→ **Data below**:
--- START ---
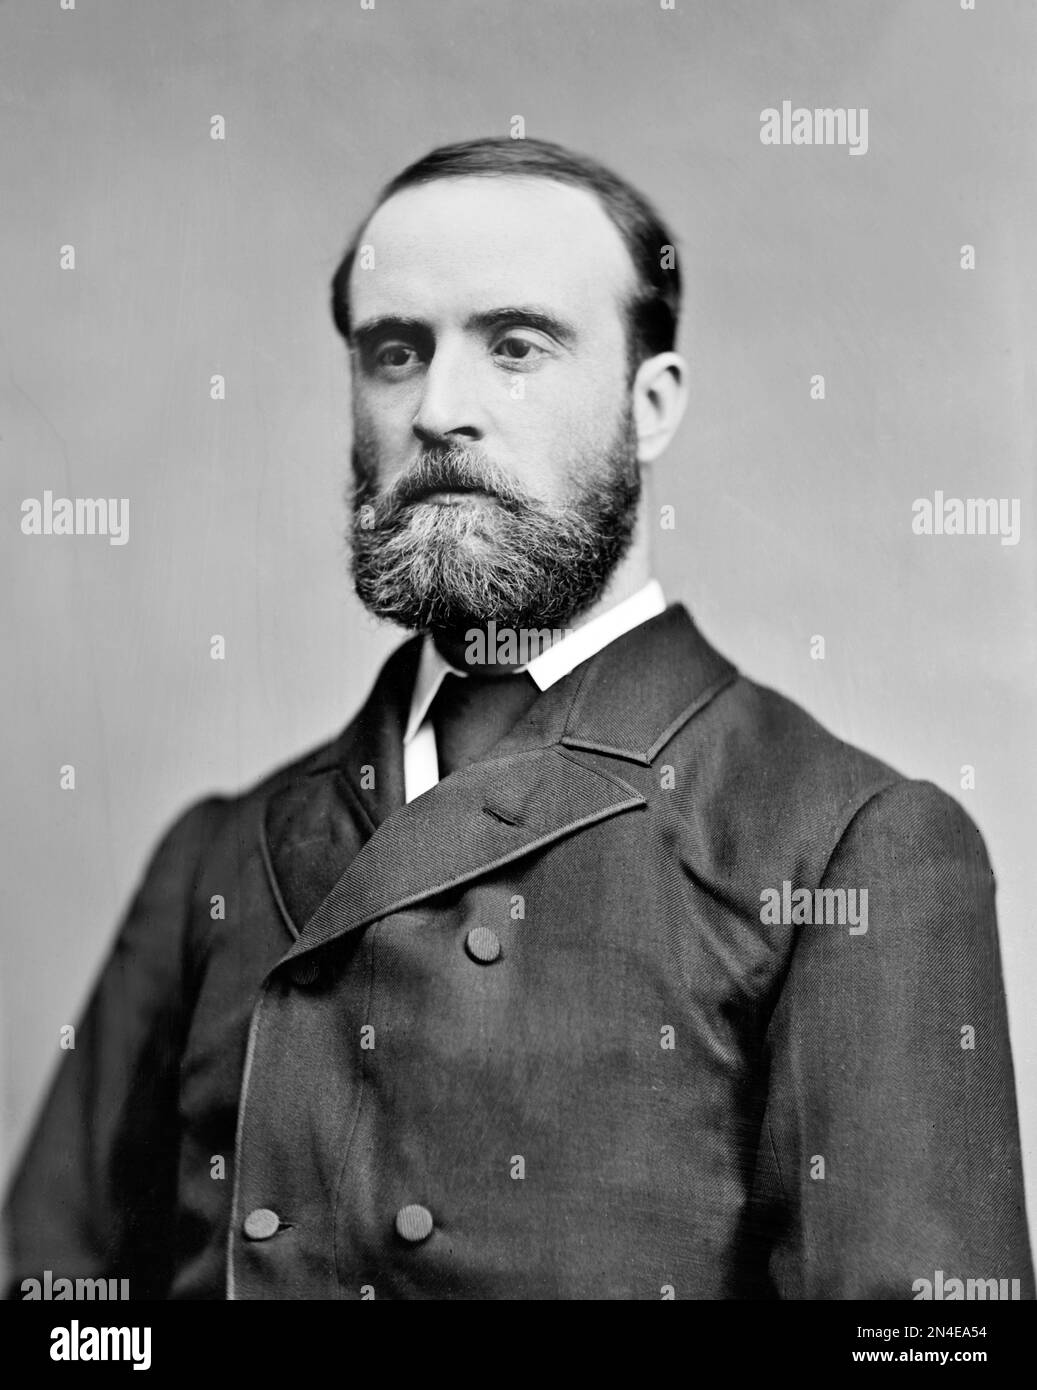 Charles Stewart Parnell. Ritratto del politico nazionalista irlandese, Charles Stewart Parnell (1846-1891) di Mathew Brady, 1870-80 Foto Stock
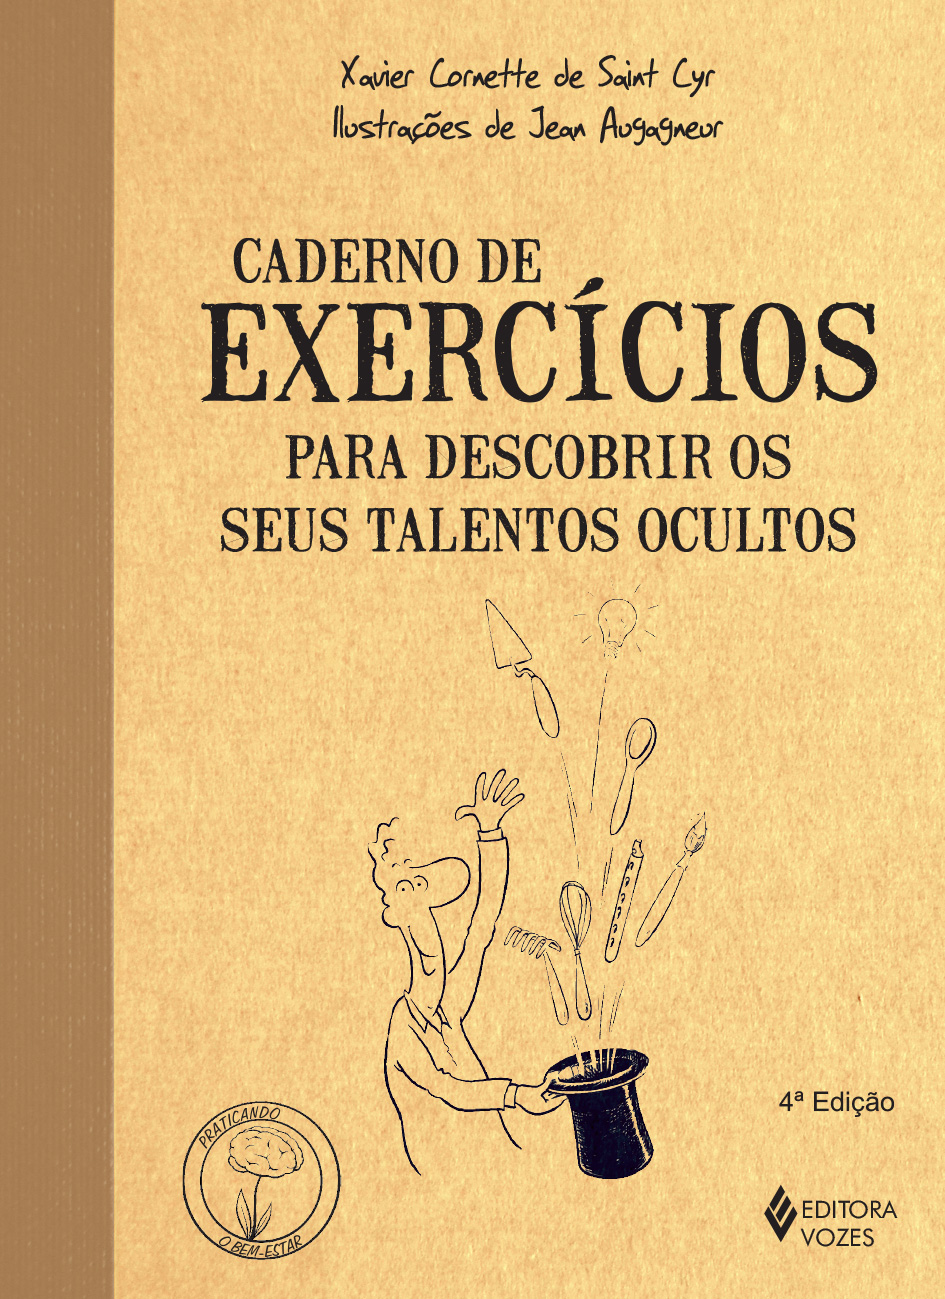 Caderno de Exercicios - Para Descobrir Seus Talentos Ocultos
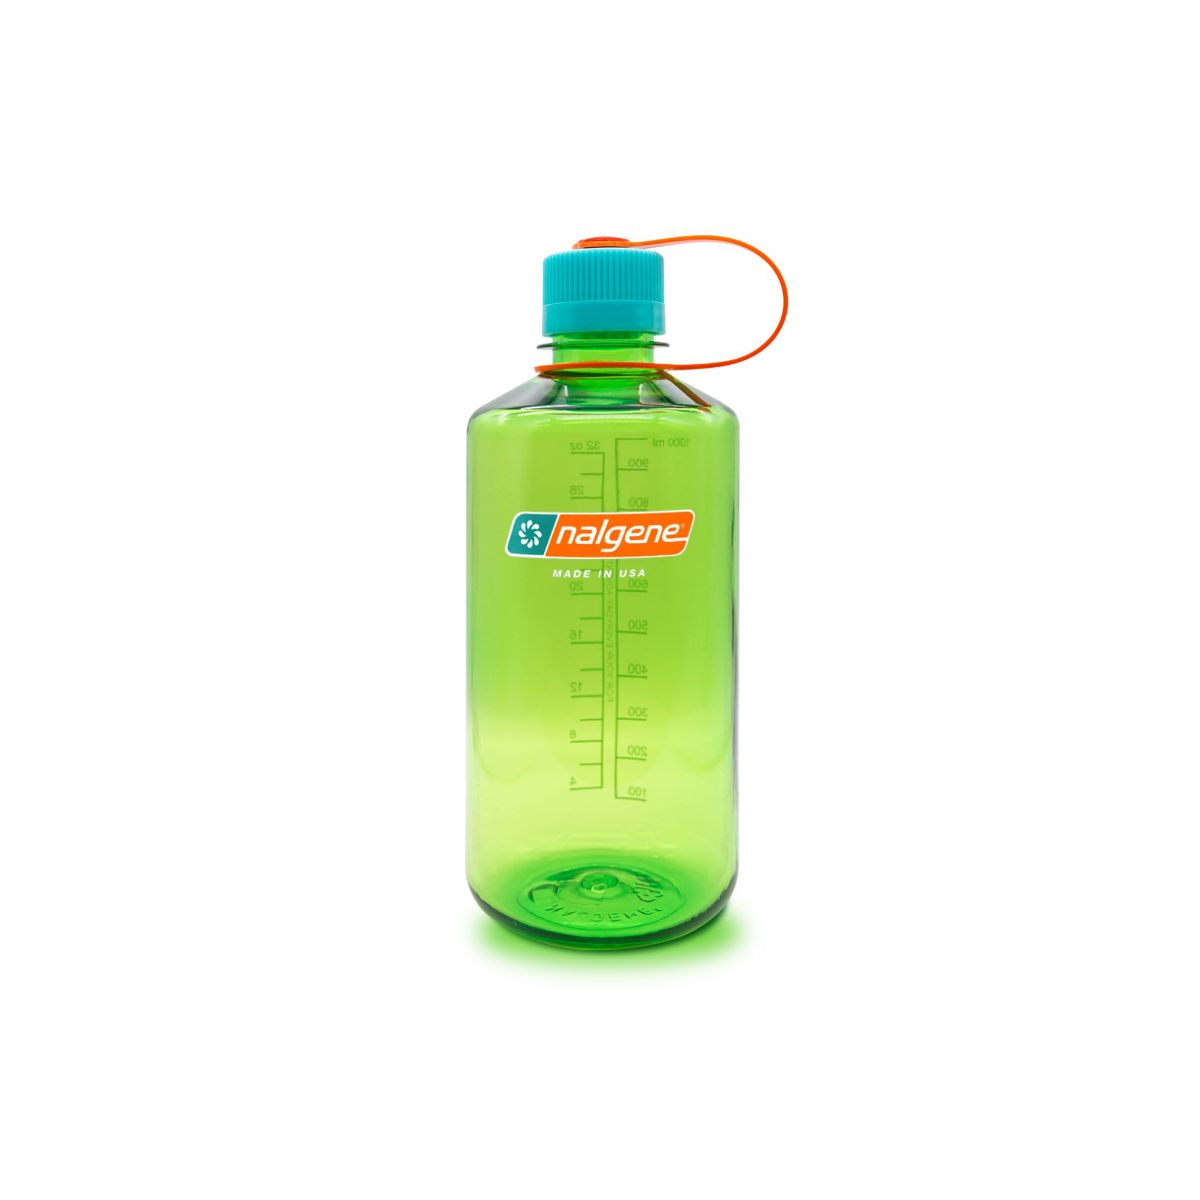 grønn drikkeflaske i BPA-fri plast. Flasken rommer 1 liter drikke.
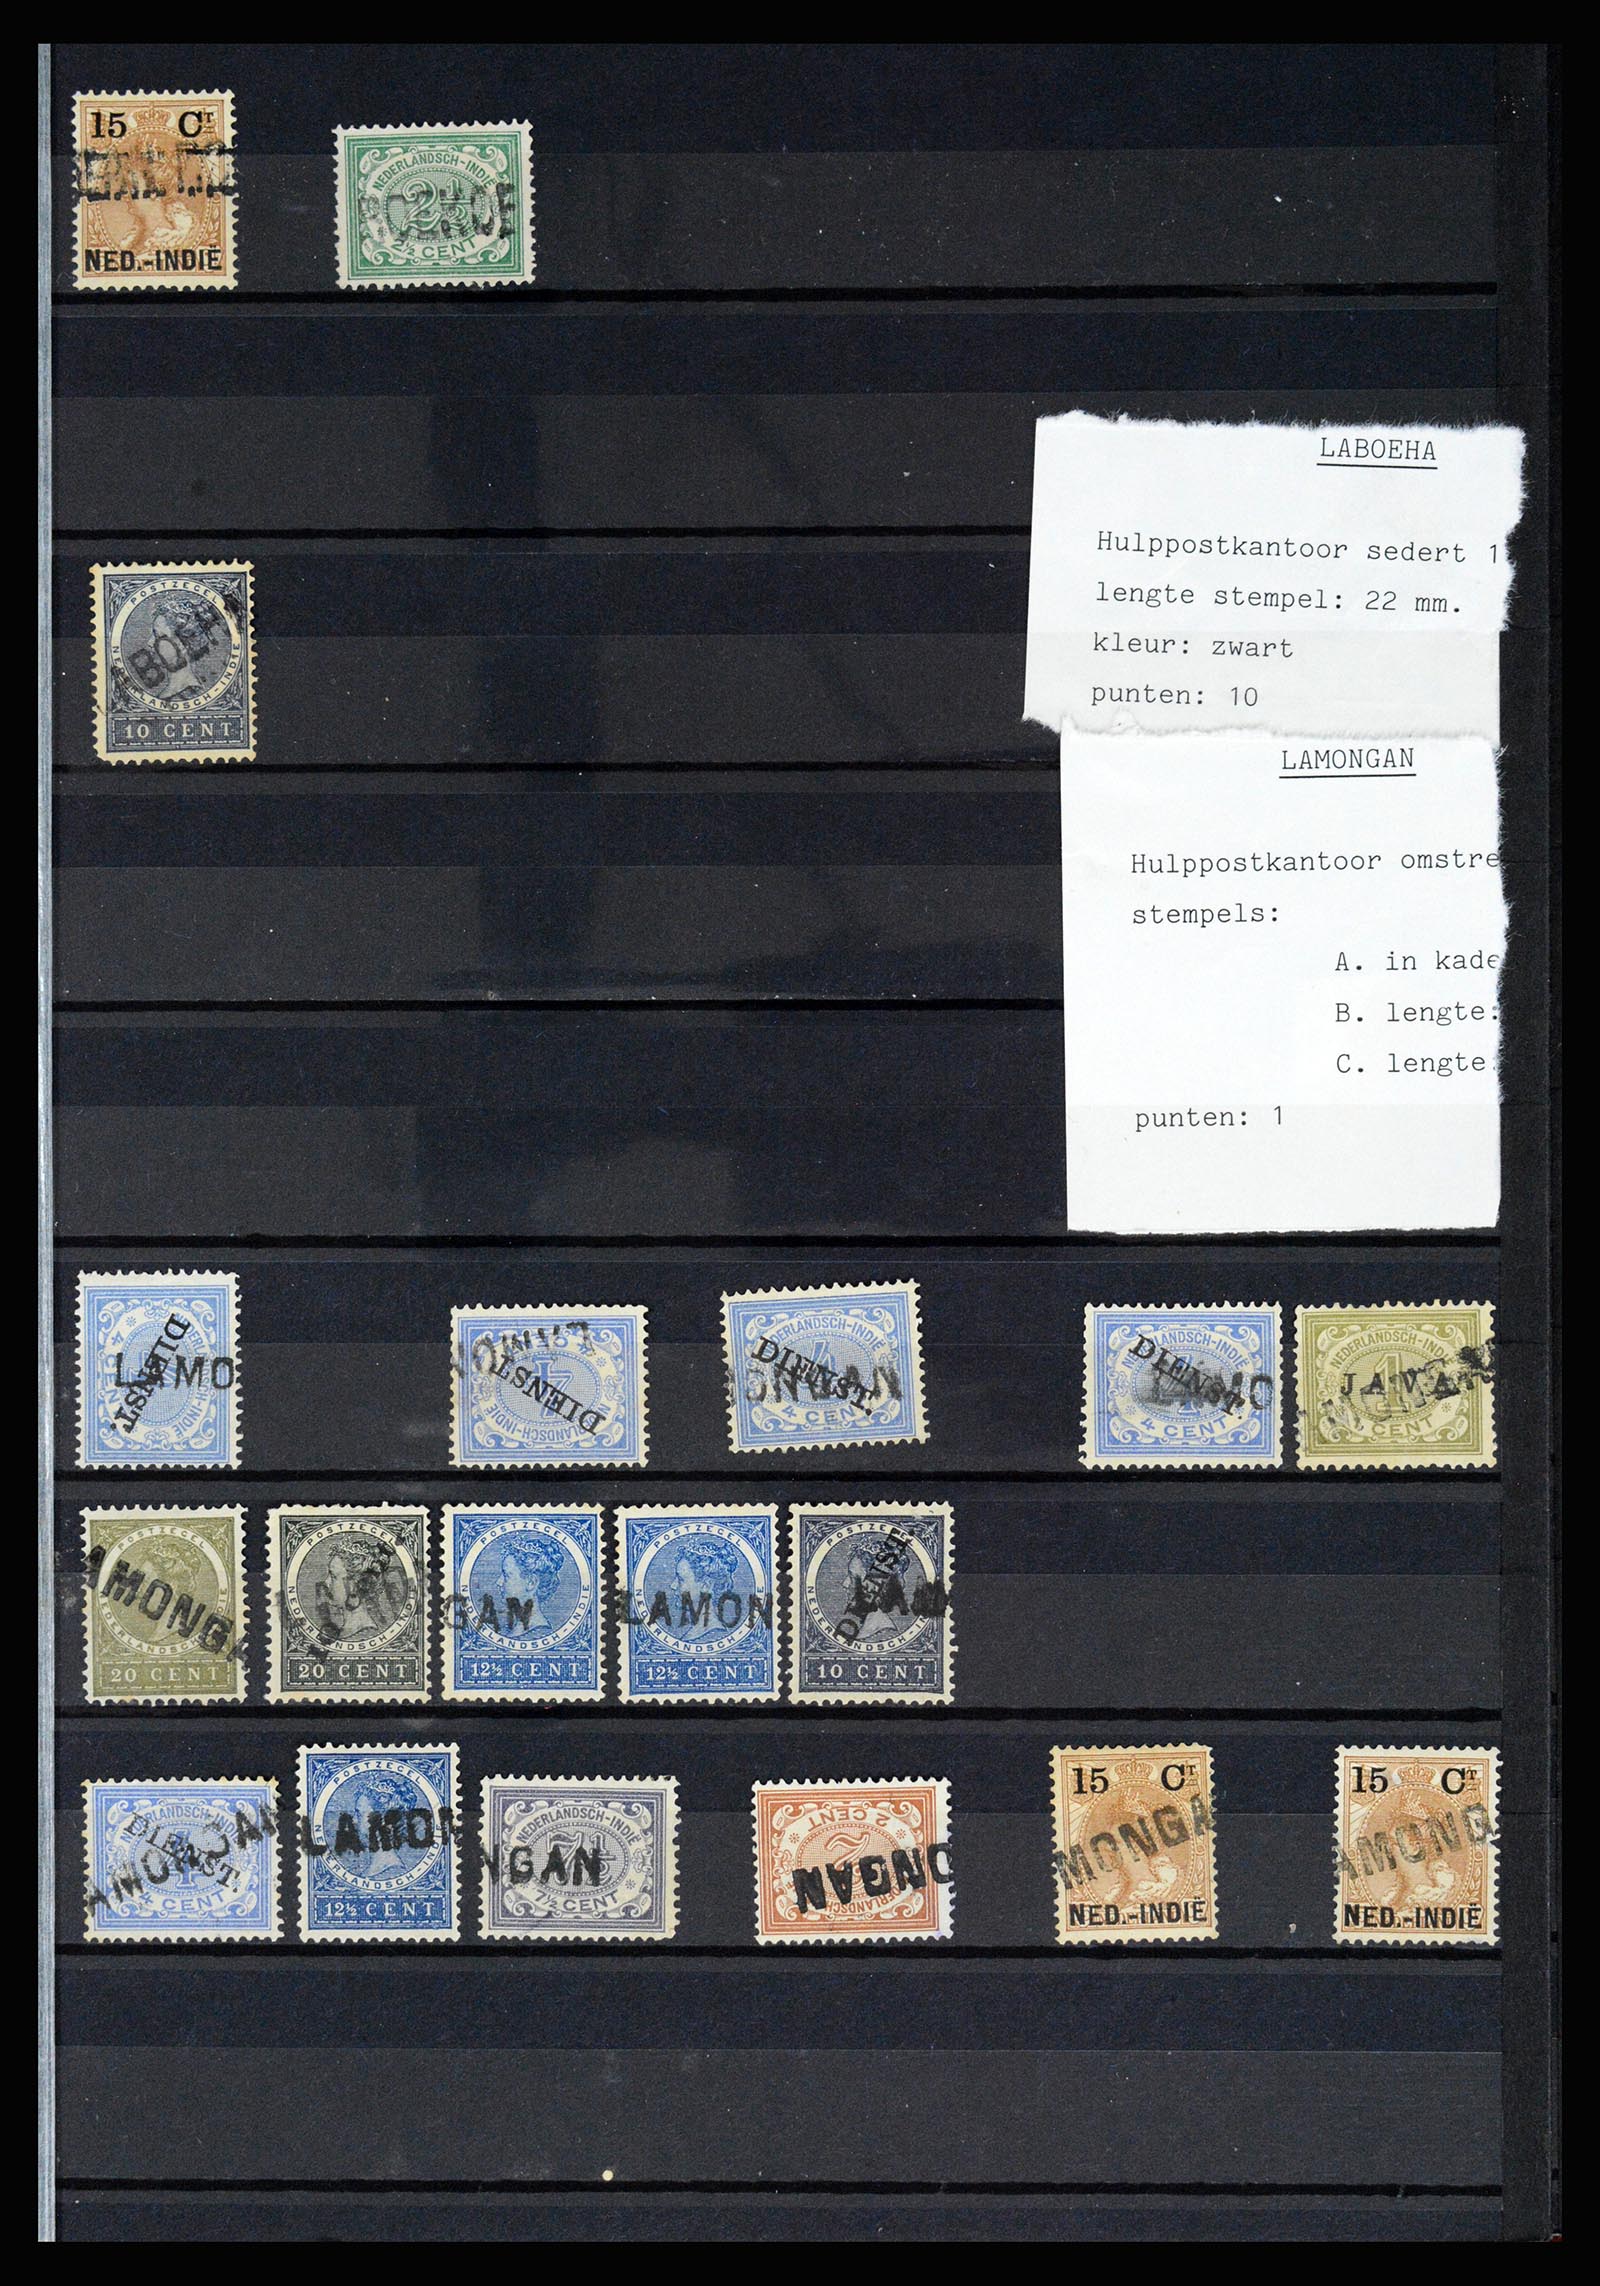 36512 039 - Stamp collection 36512 Nederlands Indië stempels 1872-1930.
--- END ---
→ **Your objective**:
Beginning with the line where "Caderno de Exercicios" appears, reproduce every remaining line of the listing above, the last one included, but none of the pictures.

→ **Exercise output**:
 Caderno de Exercicios - Para Descobrir Seus Talentos Ocultos
 grønn drikkeflaske i BPA-fri plast. Flasken rommer 1 liter drikke.
 36512 039 - Stamp collection 36512 Nederlands Indië stempels 1872-1930.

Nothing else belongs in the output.